Obras estão paradas (Foto: Carlos Grevi)
“Quando há cortes nos orçamentos das universidades estamos decretando, na verdade, a morte da ciência, da tecnologia e da formação e qualificação de quadros de excelência para o nosso país, ou seja, comprometemos o desenvolvimento econômico, político, social, científico e tecnológico do Brasil. Então é muito grave quando não se investe na educação dos nossos filhos. E eu falo aqui dos filhos do Brasil, dos brasileiros.” O desabafo é do professor Roberto Rosendo, diretor da Universidade Federal Fluminense (UFF) de Campos, diante do corte de aproximadamente 19% na Lei Orçamentária Anual, aprovada pelo Congresso Nacional, nas verbas destinadas à UFF. Esse percentual é similar às reduções aplicadas às demais universidades federais.
Os recursos utilizados para gastos de custeio e de capital caíram de R$ 175,7 milhões para R$ 142,9 milhões, valor que é dividido para as 43 unidades da UFF em todo país e representa um corte de aproximadamente 32,9 milhões.

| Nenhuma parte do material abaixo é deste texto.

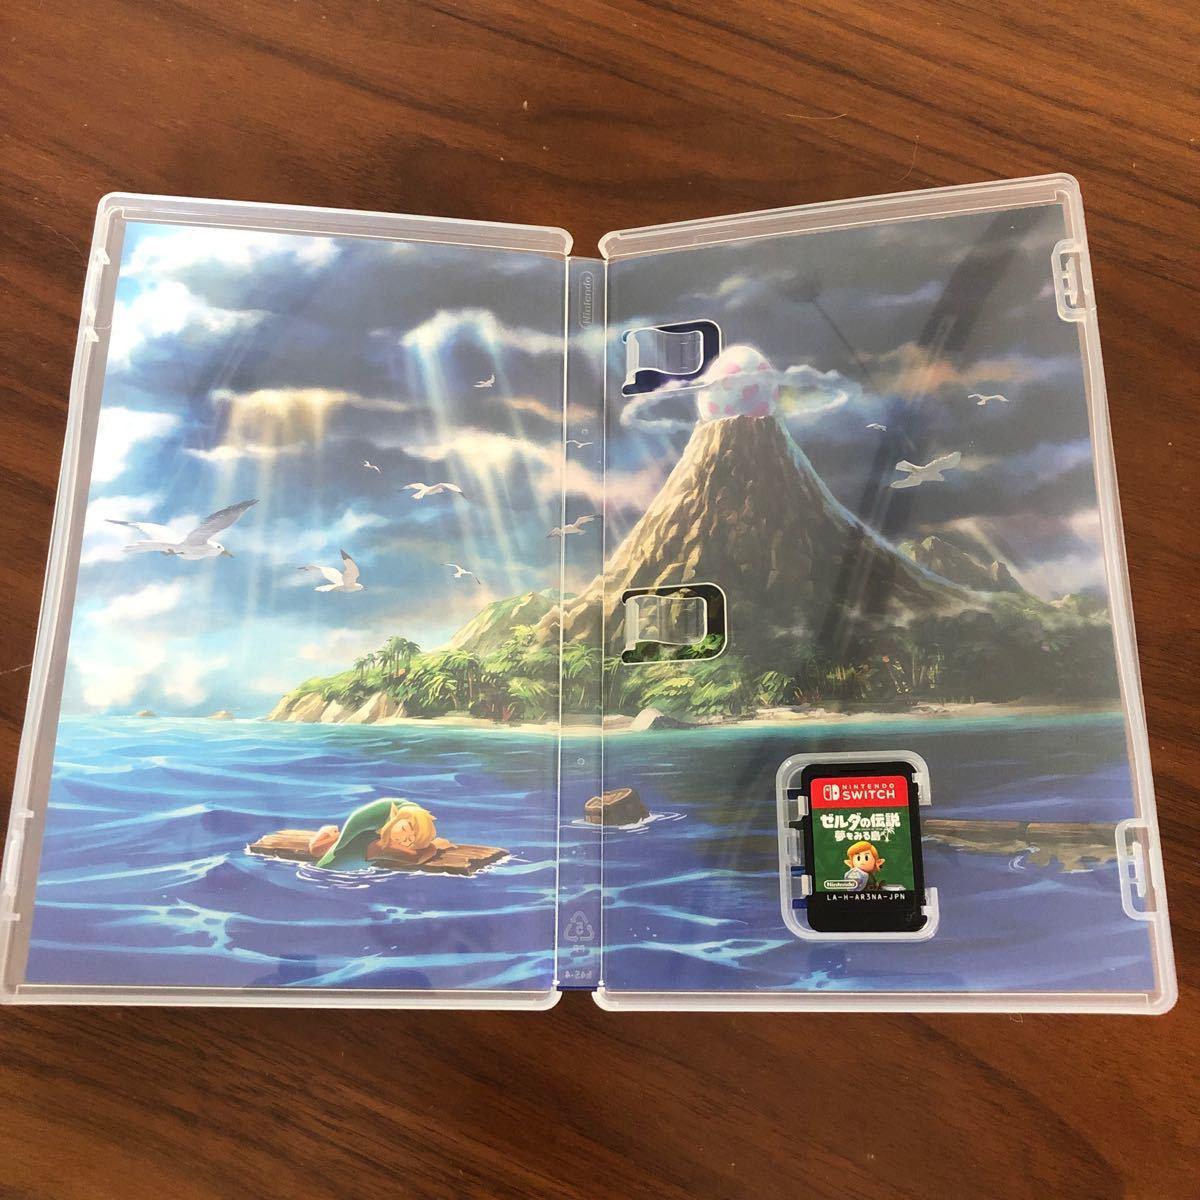 ゼルダの伝説 夢をみる島 Switch

Em Campos, a UFF tem hoje 3.330 alunos e nove cursos de graduação: Economia, Psicologia, Geográfica, Ciências Sociais, História e Serviço Social. Além disso, há ainda dois cursos de mestrado, sendo um de Geografia e outro em Desenvolvimento Regional, Ambiente e Políticas Públicas. Com o corte no orçamento, a universidade corre o risco de não conseguir pagar contas de água, energia elétrica e prestadores de serviços. Dessa forma há o risco de a universidade ser obrigada a deixar de oferecer alguns serviços e até cursos. Na capital, o corte levou a reitoria da Universidade Federal do Rio de Janeiro (UFRJ) a dizer que pode fechar as portas ainda este ano. Em Campos, o cenário é diferente, porém, não menos preocupante.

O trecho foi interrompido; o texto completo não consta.